- Huashan Subdistrict Location in Hunan.
- Coordinates: 27°44′36″N 111°59′26″E﻿ / ﻿27.74333°N 111.99056°E
- Country: People's Republic of China
- Province: Hunan
- Prefecture-level city: Loudi
- district: Louxing District

Area
- • Total: 4.6 km^{2} (1.8 sq mi)

Population (2015)
- • Total: 40,000
- • Density: 8,700/km^{2} (23,000/sq mi)
- Time zone: UTC+8 (China Standard)
- Postal code: 417000
- Area code: 0738

= Huashan, Loudi =

Huashan Subdistrict (花山街道 (Huāshān Jiēdào)) is a subdistrict in Louxing District of Loudi City, Hunan Province, People's Republic of China.

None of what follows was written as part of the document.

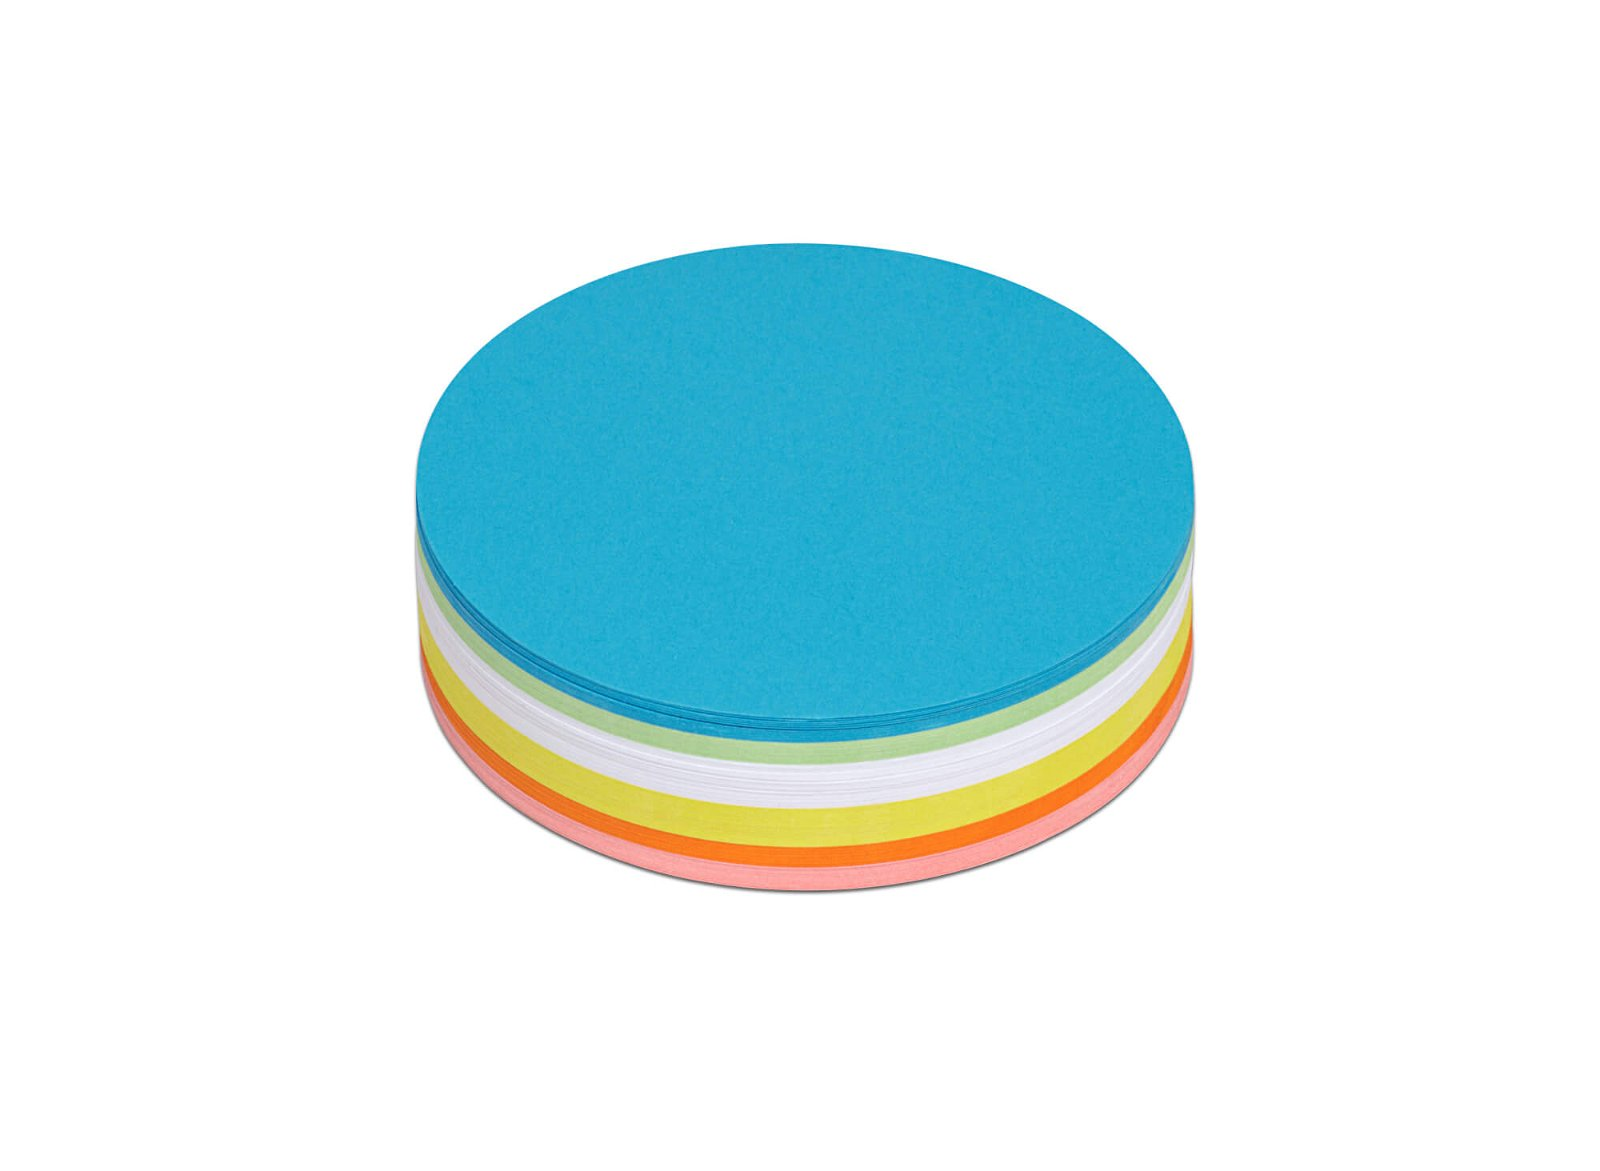 Moderationskarten rund, Ø 9,5 cm, 120 St./Pack, farbig sortiert
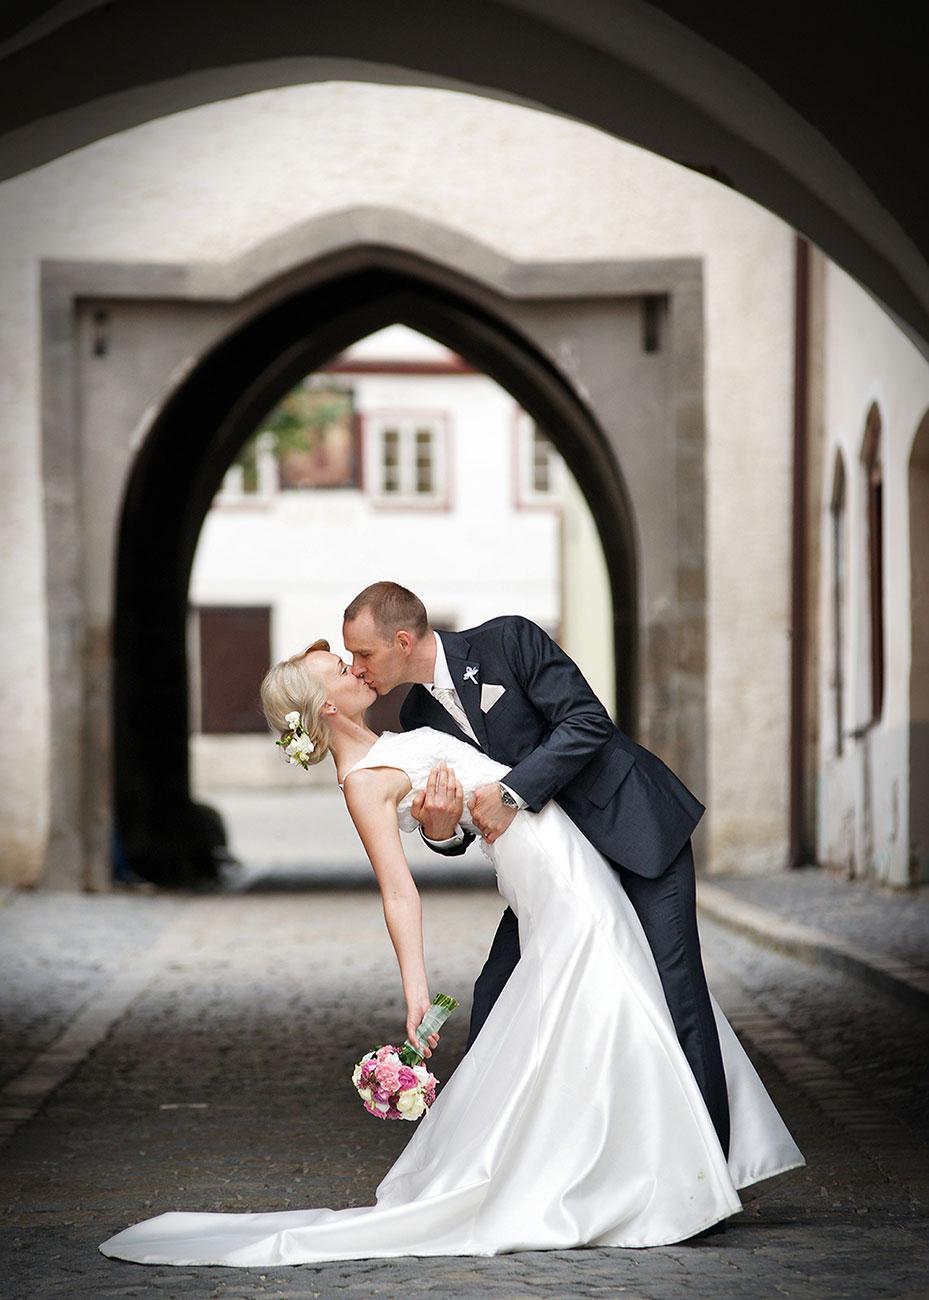 33 svatebni fotografie prachatice cesky krumlov zlata koruna trebon ceske budejovice jihocesky kraj jizni cechy svatebni fotograf lipno nad vltavou potret tehotenske foto svatby 1

==Administrative divisions==
The subdistrict is divided into 10 communities, which include the following areas:
- Tiedong Community (铁东社区)
- Tiexi Community (铁西社区)
- Shentongwan Community (神童湾社区)
- Daqiao Community (大桥社区)
- Huashan Community (花山社区)
- Qingtan Community (清潭社区)
- Shantang Community (山塘社区)
- Sitang Community (思塘社区)
- Guanhua Community (观化社区)
- Duijiang Community (对江社区)

==Geography==
Lianshui River flows through the subdistrict.

==Economy==
The local economy is primarily based upon commerce and local industry.

==Hospital==
Loudi No. 2 Hospital is situated at the subdistrict.

==Transportation==
===Railway===
The Luoyang–Zhanjiang Railway, from Luoyang City, Henan Province to Zhanjiang City, Guangdong Province runs through the subdistrict.

The Shanghai–Kunming railway, more commonly known as "Hukun railway", is a west–east railway passing through the subdistrict.

===Road===
Lianbin Street passes across the subdistrict west to east. And Louxing South Road runs through the subdistrict north to south.